Ask Ethan #69: Is our Universe escaping us?

As dark energy takes over and distant galaxies accelerate, what are we losing, and what does that mean?

“What is that feeling when you’re driving away from people and they recede on the plain till you see their specks dispersing? — it’s the too-huge world vaulting us, and it’s good-bye. But we lean forward to the next crazy venture beneath the skies.” –Jack Kerouac

I’ve gotten a lot better at goodbyes as I’ve gotten older, but most of us still aren’t ready for the great truth of the cosmic goodbye that’s in store for us. This week, I’ve gotten some excellent questions and suggestions that you sent in, but my favorite way to start off the new year comes from Joaquin Bogado, who wants to know about the galaxies disappearing from our view:

In the blog post The Disappearing Universe, you make me realize that there is a lot of information escaping our universe at every single moment. My questions are
1) How this affects the Big Bang theory and the age of our Universe?
2) Is possible to know how much of the Universe already disappeared?
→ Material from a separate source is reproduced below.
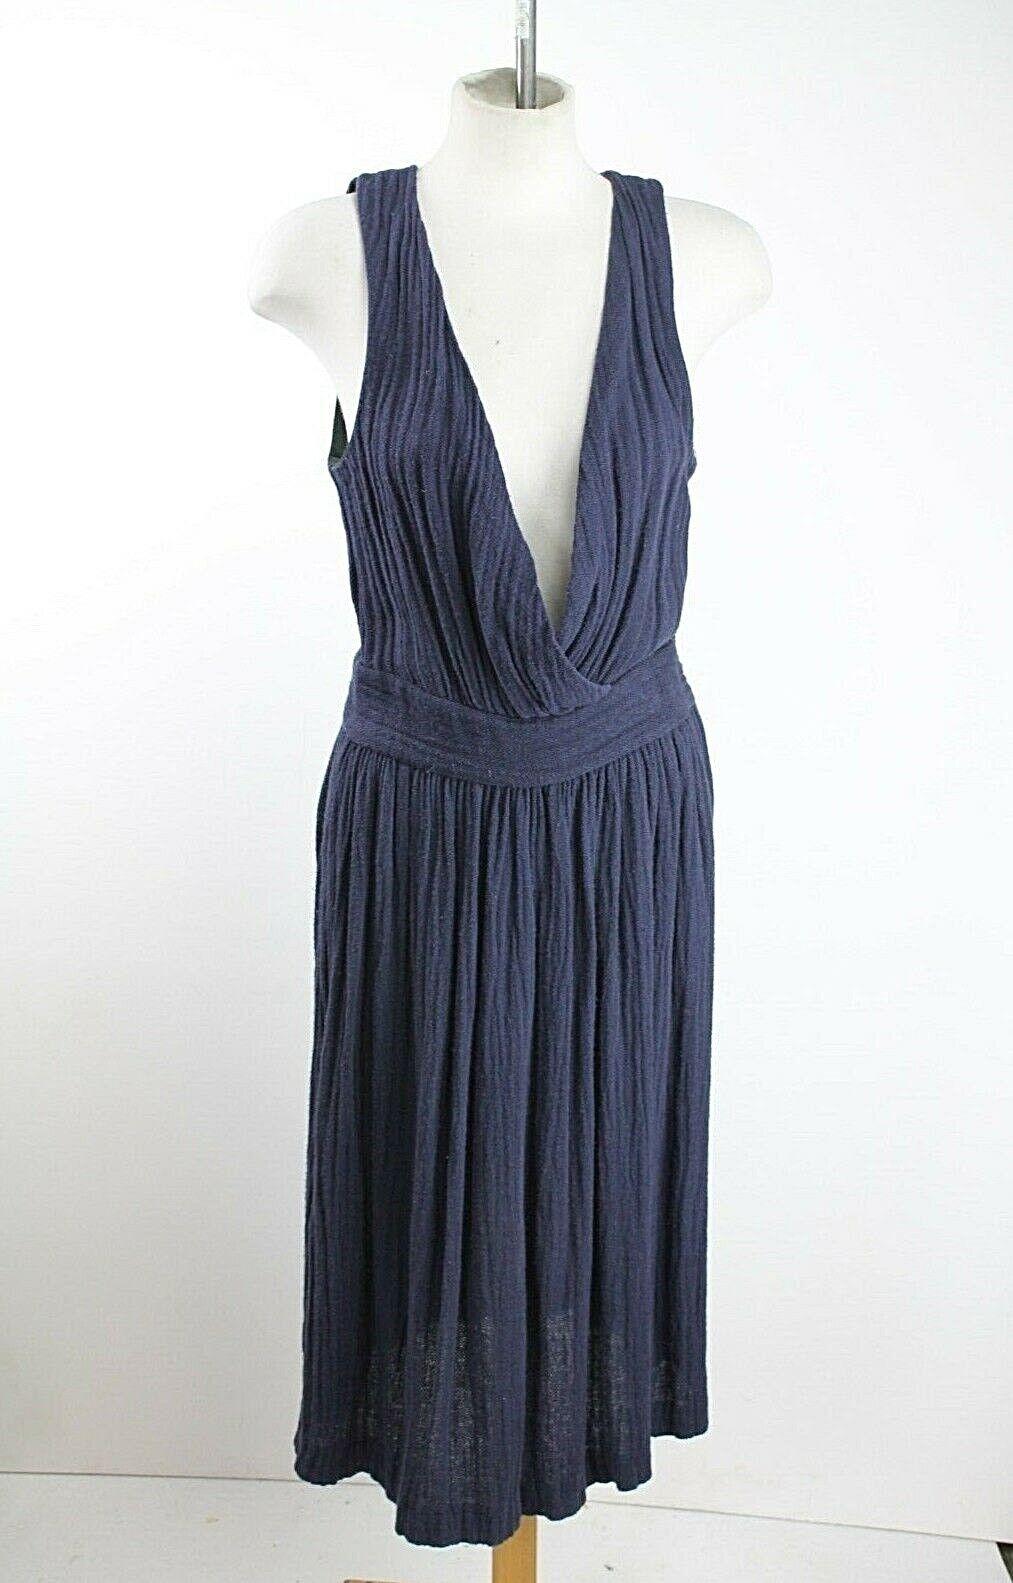 Isabel Marant Blau Leinenkleid ,Größe Uk6   Eu 34

Let’s start off by talking about what it means that things are disappearing, and let’s do that by going all the way back to the idea of the Big Bang.

As simply as possible, the Big Bang sets us up to have a hot, dense, expanding Universe, where the fabric of spacetime itself is what’s expanding. All the matter and radiation in it dilutes, sees its density drop and gets farther and farther apart as the volume of space expands. At the same time, however, all the matter and radiation also exerts a tremendous gravitational force, trying to pull the Universe back together again.

This is the great cosmic struggle: between expansion and gravitation. For billions of years, an observer would have been uncertain as to which one would win.

Image credit: Take 27 Limited / Science Photo Library.

Would gravity win, causing the Universe to reach a maximum size, reverse its expansion and recollapse in a Big Crunch?

Would the expansion win, causing the Universe to expand forever, never ceasing, with things getting arbitrarily far apart and ending in a Big Freeze?

Or would we live in a case right on the border, where a single additional atom would recollapse the Universe, where the expansion rate asymptotes to zero but never reverses: a critical Universe?

Image credit: me. In fact, this is an image I made for my book that I’m writing. Did you know I’m almost done writing a book?! More information soon!!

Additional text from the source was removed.